ジョーカーは右腕に紅い結晶を纏い、その最早凶器とも呼べる代物によってアンノウンをぶん殴る。
アンノウンは壁に叩き付けられる。壁は全面にヒビが入り、彼の体はめりこむ。
地下全体が揺れるほどの衝撃。アンノウンが人のシルエットを保っていられるほうがおかしなほどのパワーだ。
「今ので死なねぇお前の耐久力には驚いたが⋯⋯そりゃあ、致命傷だろ。能力使える頭は残ってるか?」
アンノウンはピクリとも動かず、壁にもたれ掛かっている。全身から血を流している。
肋は砕けている。心臓含めた内蔵には骨が刺さっているか、もしくはスクランブルエッグみたいになっている。
「じゃあな最強。⋯⋯いや──」
あの言葉を言い返そうとした。その時だ。
ジョーカーの身体に、斬撃が走る。血飛沫が舞う。もし防御が間に合わなければ、今頃彼の体は真っ二つだった。
「⋯⋯『三下』、かァ⋯⋯?」
アンノウンは致命傷の状態から立ち上がる。そして致命傷はノイズと共に大傷程度まで復元された。
「く。くくく⋯⋯油断したぜ。だが! 依然勝利は俺の手から零れ落ちていないようだなぁ! どうした最強っ! 自分の体も治せない未熟な過去に戻ったかっ!?」
ジョーカーの体の傷は、やはり、完治した。
両者のダメージを比較したとき、明らかにジョーカーが優勢であると、誰しもが判断するだろう。

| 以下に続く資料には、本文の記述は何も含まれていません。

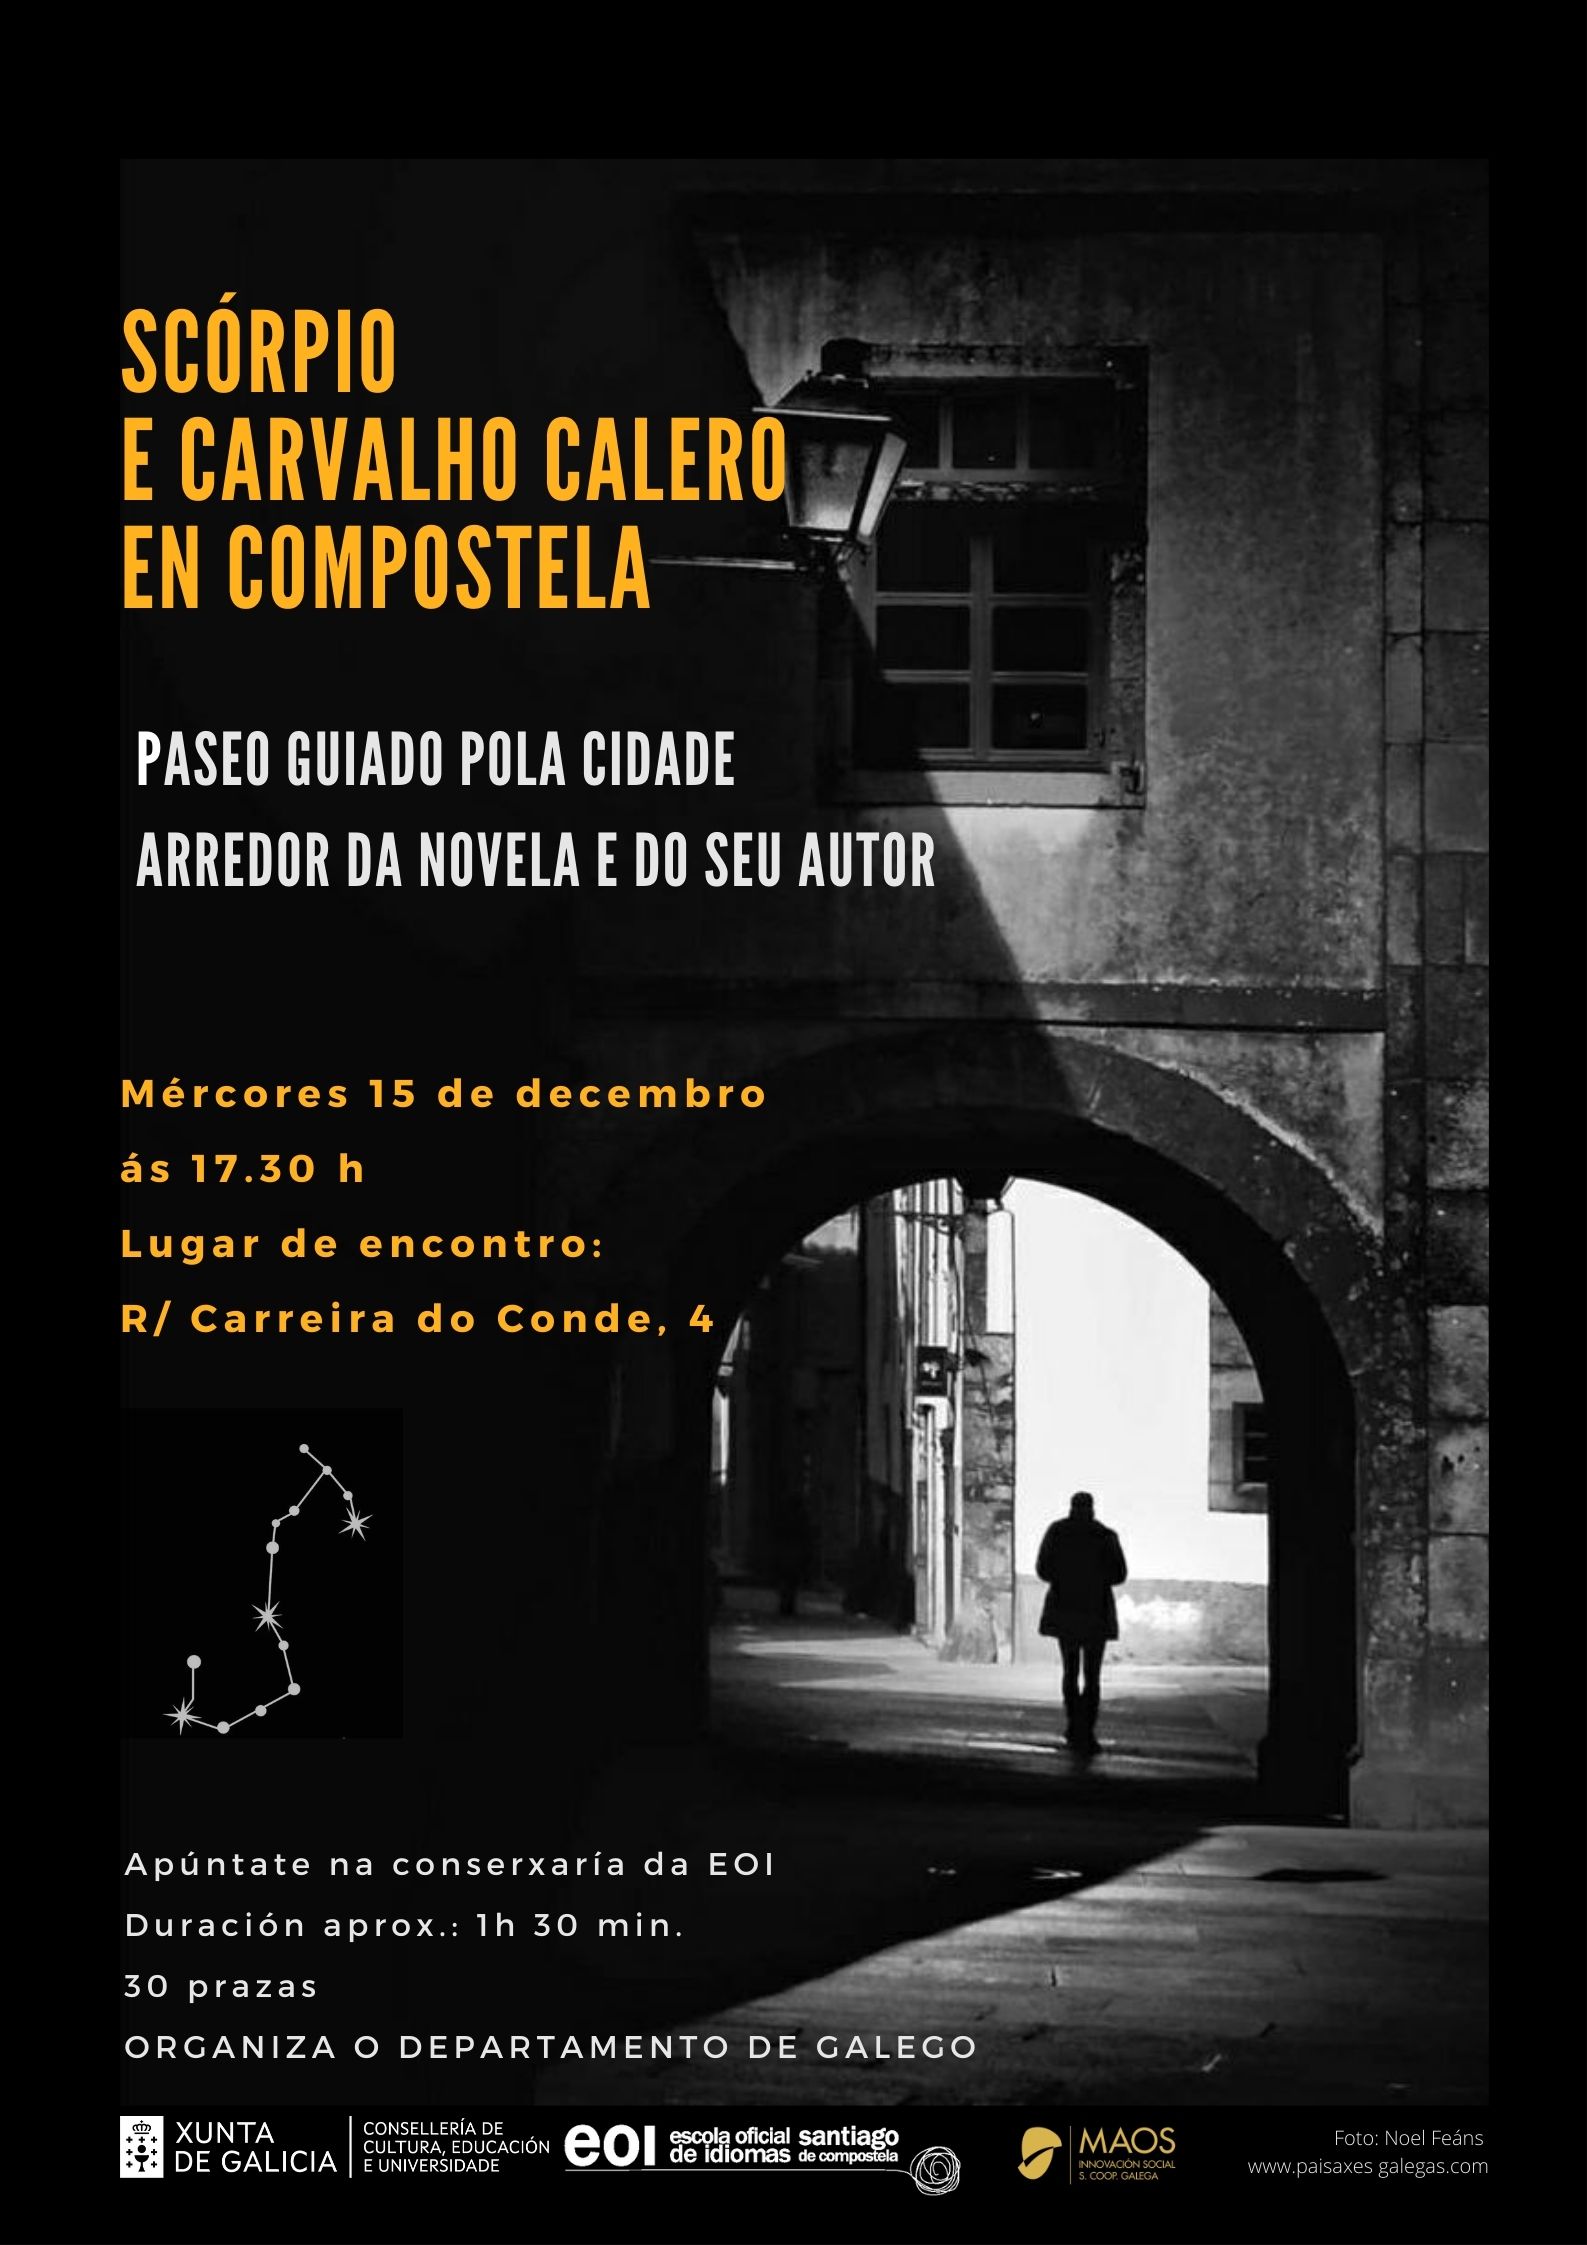 Carvalho Calero

「死に瀕した時、人は火事場の馬鹿力を発揮する。それで自分の力の真髄を引き出す⋯⋯これが俗に言う覚醒ってやつだ⋯⋯しかし⋯⋯どうやら、オレはこの程度で覚醒なんぞできんらしい」
「は? 何言ってやがるお前。そんな都合の良いことが。お前に起きるとでも思ったのかよ」
「テメェ如き、オレにとっちゃ『倒せて当然の相手』だっつうことだ。その足りねェ脳味噌に叩き込んでやろォかァッ!? 文字通りなッ!!」
ジョーカーの視界。アンノウンをノイズが囲む。
それは非現実。他者の視界があったならば、ノイズは現実に無い。
いや、ノイズはアンノウンを囲っているのではない。
それは、ジョーカーの頭に入り込んでいるのだ。
「なっ⋯⋯!?」
視界が、ノイズに覆われる。
思考が、ノイズに満たされる。
精神が、ノイズに犯される。
「────」
最早、ジョーカーには何も聞こえず、見えず、考えられない。何もかもがノイズに邪魔されている。
『可哀想に、僕の大切なジョーカー』
話し、かけるな。
『そうは言っても、このままだとキミは彼に殺されるだけだぜ?』
俺は、俺だ。
『いいから、ボクに任せておきなよ』
やめろ。あんたの駒になるつもりはない!
◆◆◆
リアム・サンダース──後に学園都市でジョーカーと呼ばれる彼は、アメリカ合衆国のニューヨークに住む少年であった。
学園都市に行く子供とは、大抵の場合自らの可能性を信じてそこに移住する。学園都市は子供たちの入都を、学校の空きと素質がある限り制限していない。
だがリアムは、招待された側の人間だった。
学園都市が外部の人間を招待することは滅多に無い。理由は単純で、能力の才能の有無を判断することが難しく、入都審査で手一杯だからである。
にも関わらずリアムが招待された理由は、彼が能力開発を受けていないにもかかわらず現実改変を行ったからである。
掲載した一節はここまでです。